*** Information provided Section Begins ***

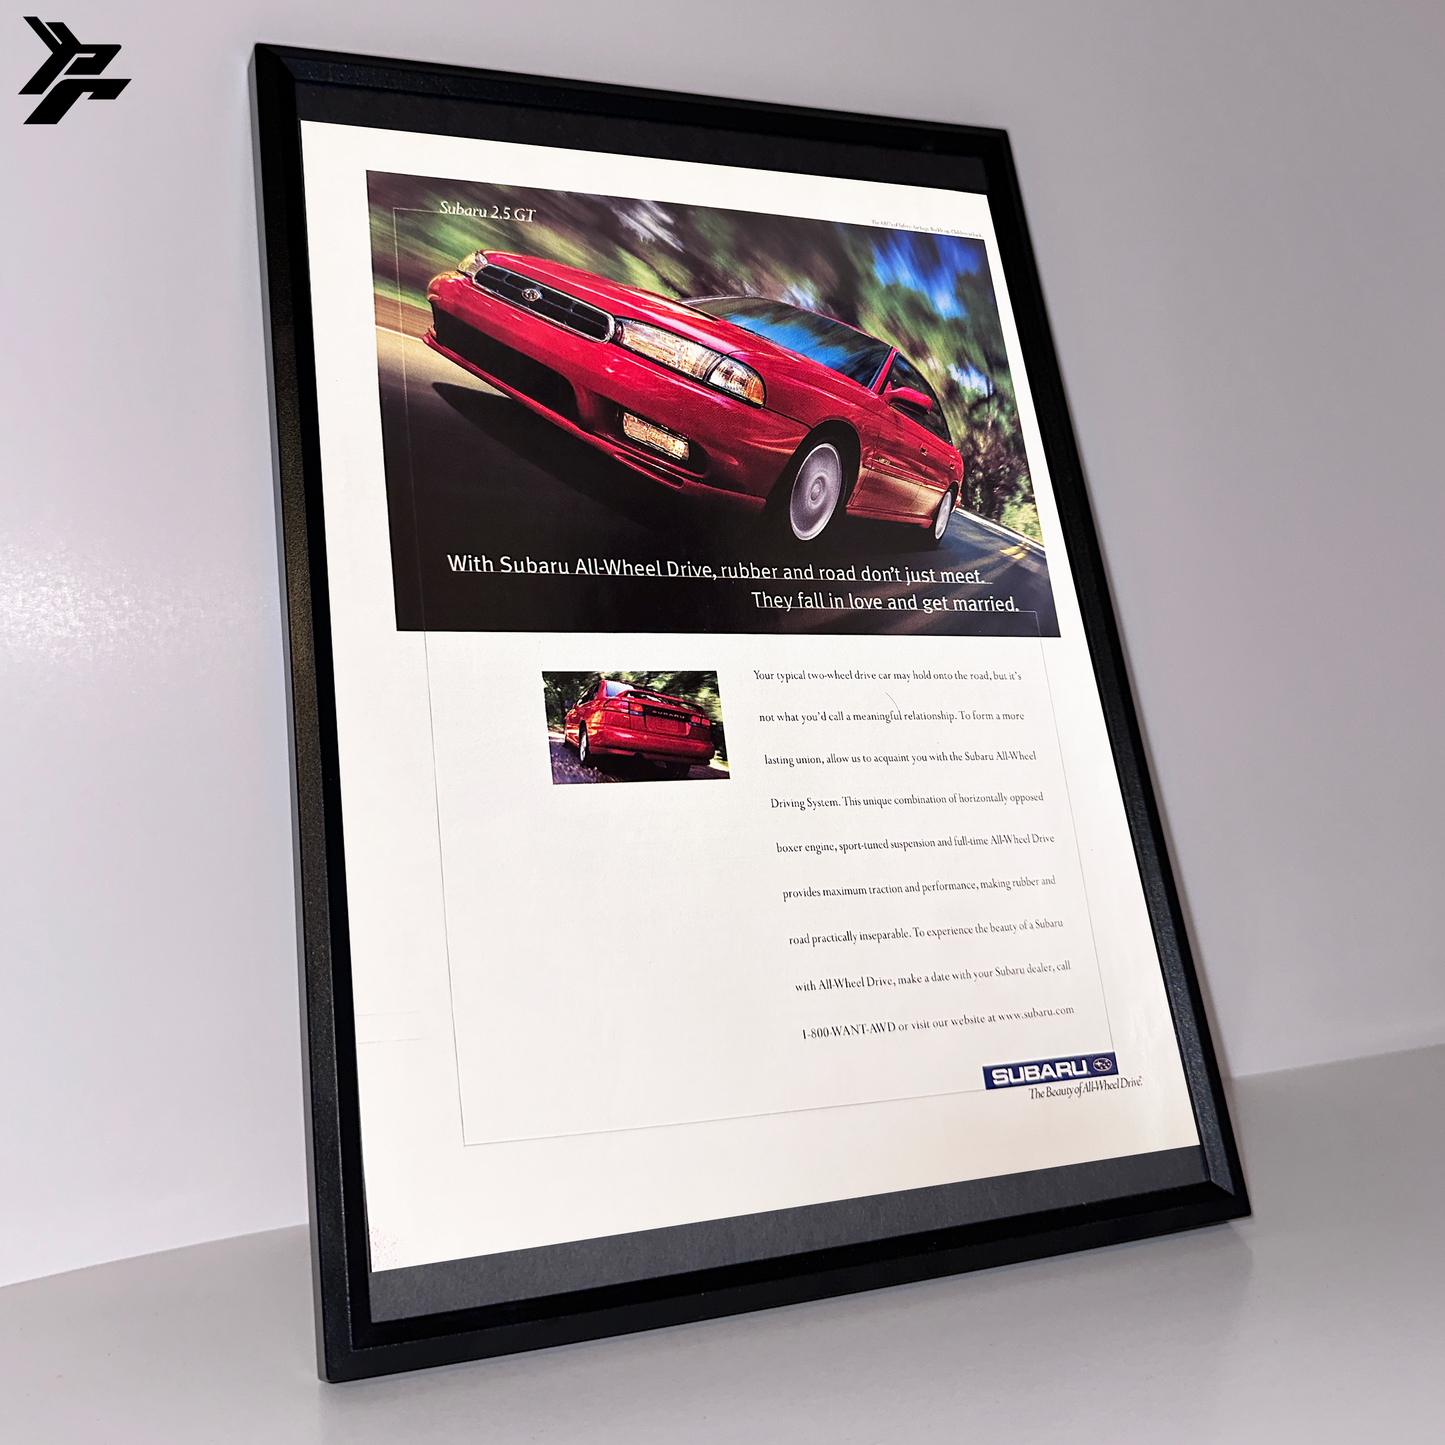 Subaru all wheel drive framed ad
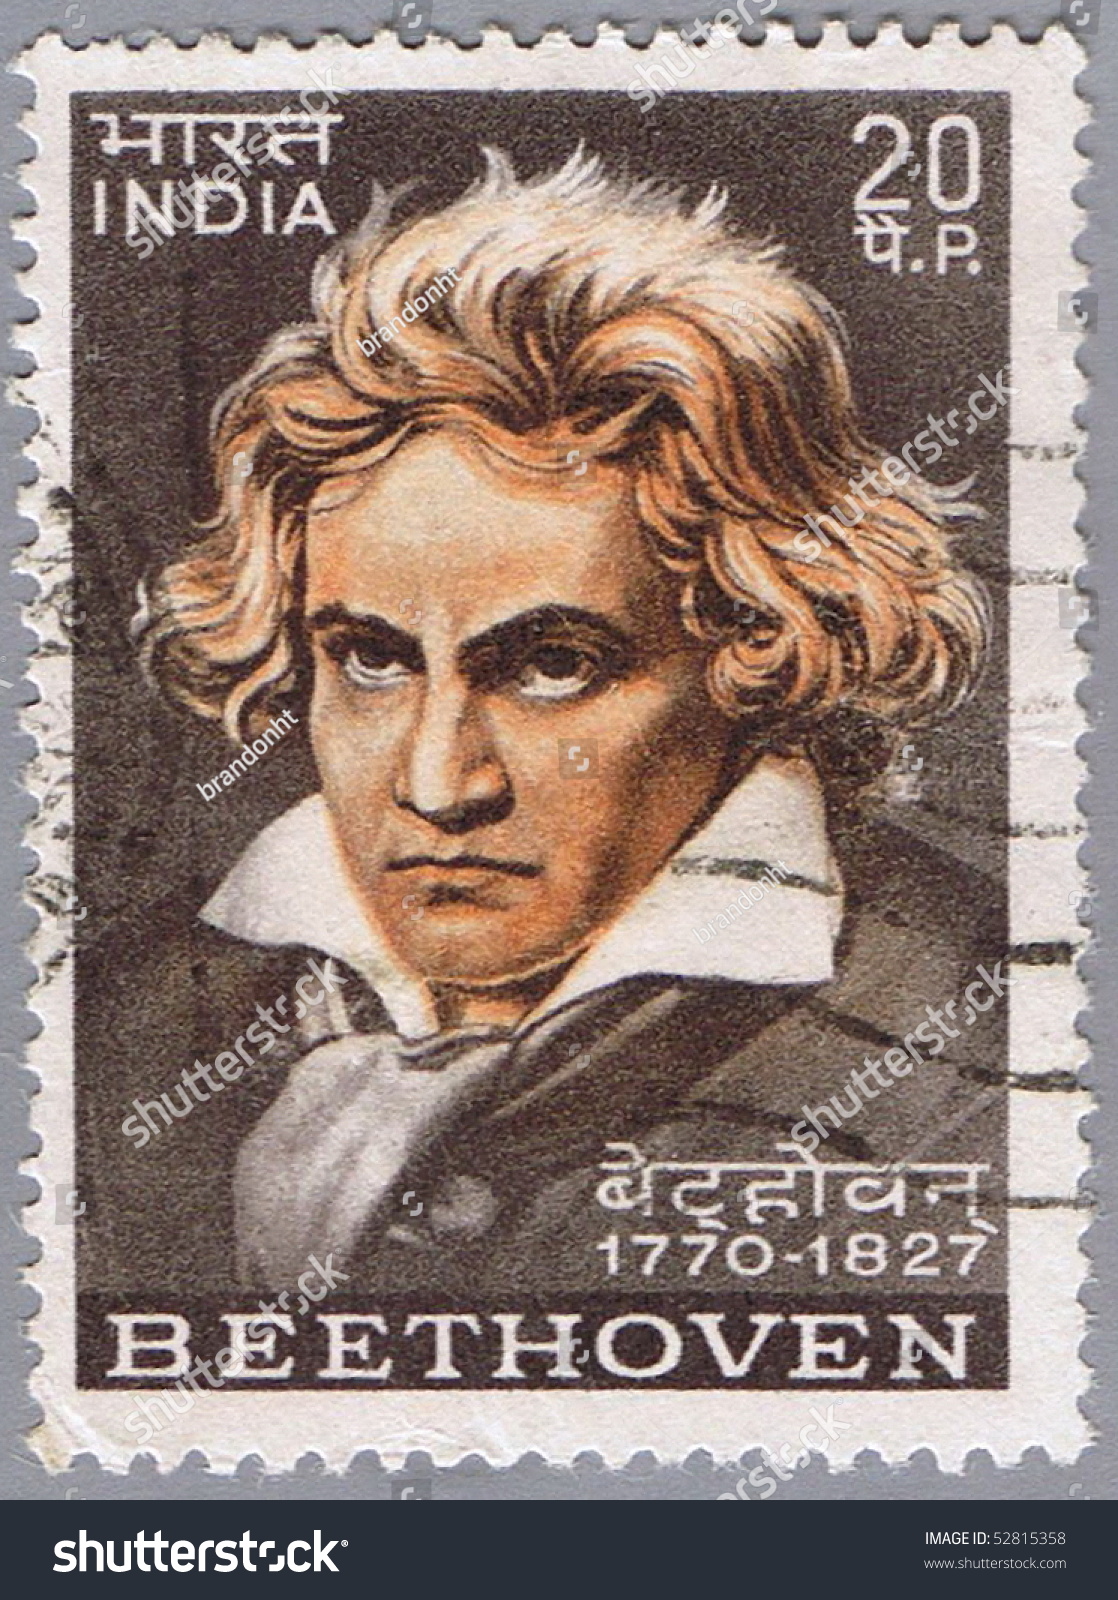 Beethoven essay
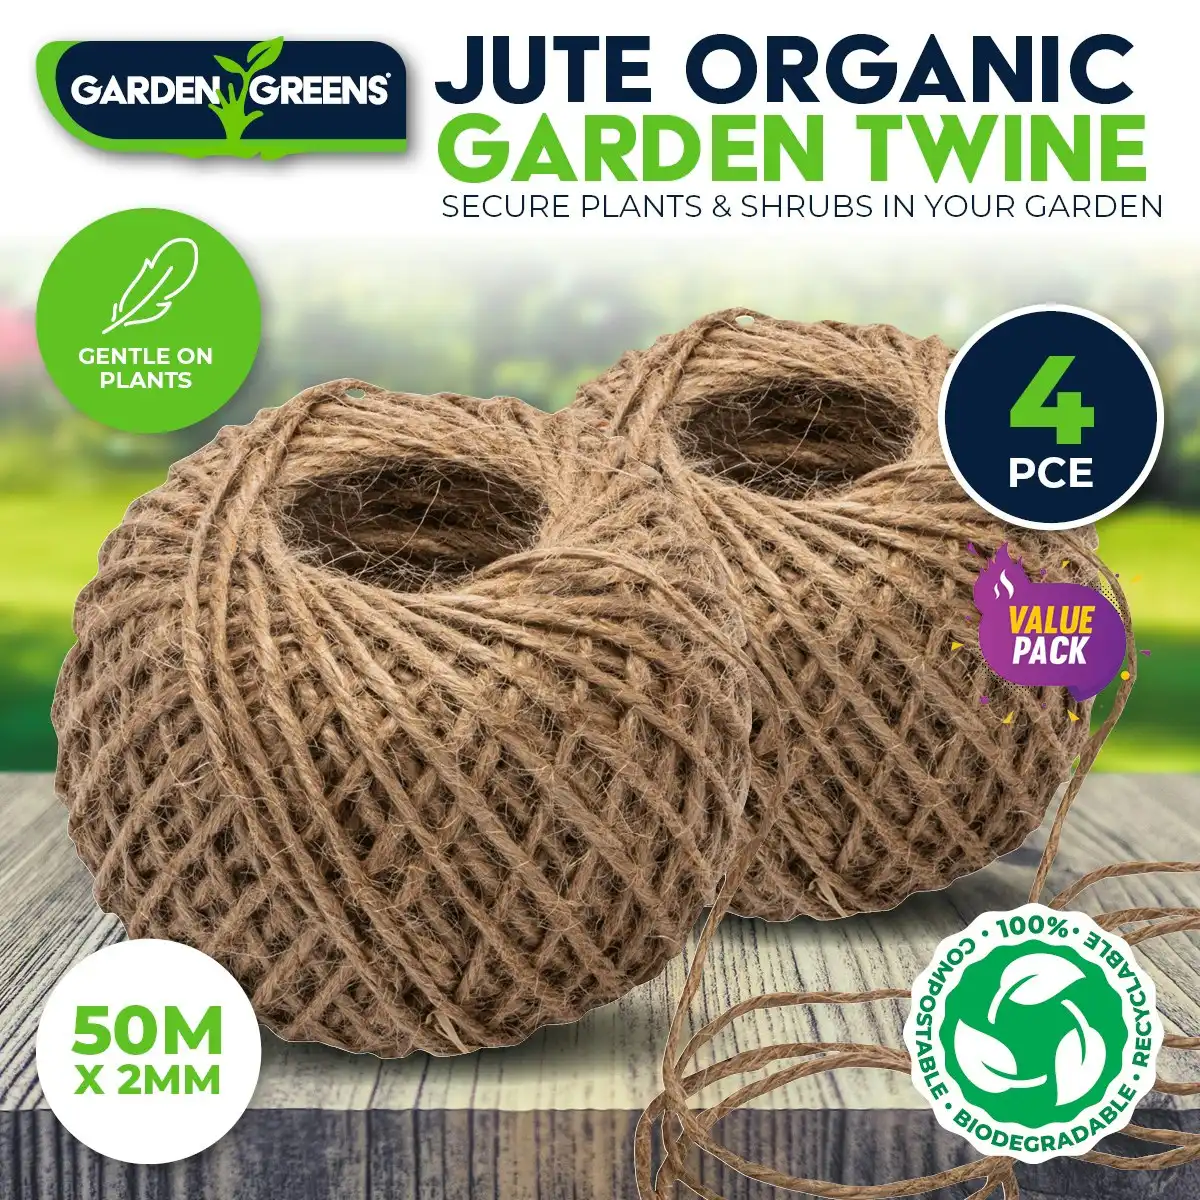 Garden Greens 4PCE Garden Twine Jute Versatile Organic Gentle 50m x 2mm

*** Information provided Section Ends ***

» Work required
Transcribe the material above in full. No picture is to be copied.

» Reply to the task
 Subaru all wheel drive framed ad
 Beethoven essay
 Garden Greens 4PCE Garden Twine Jute Versatile Organic Gentle 50m x 2mm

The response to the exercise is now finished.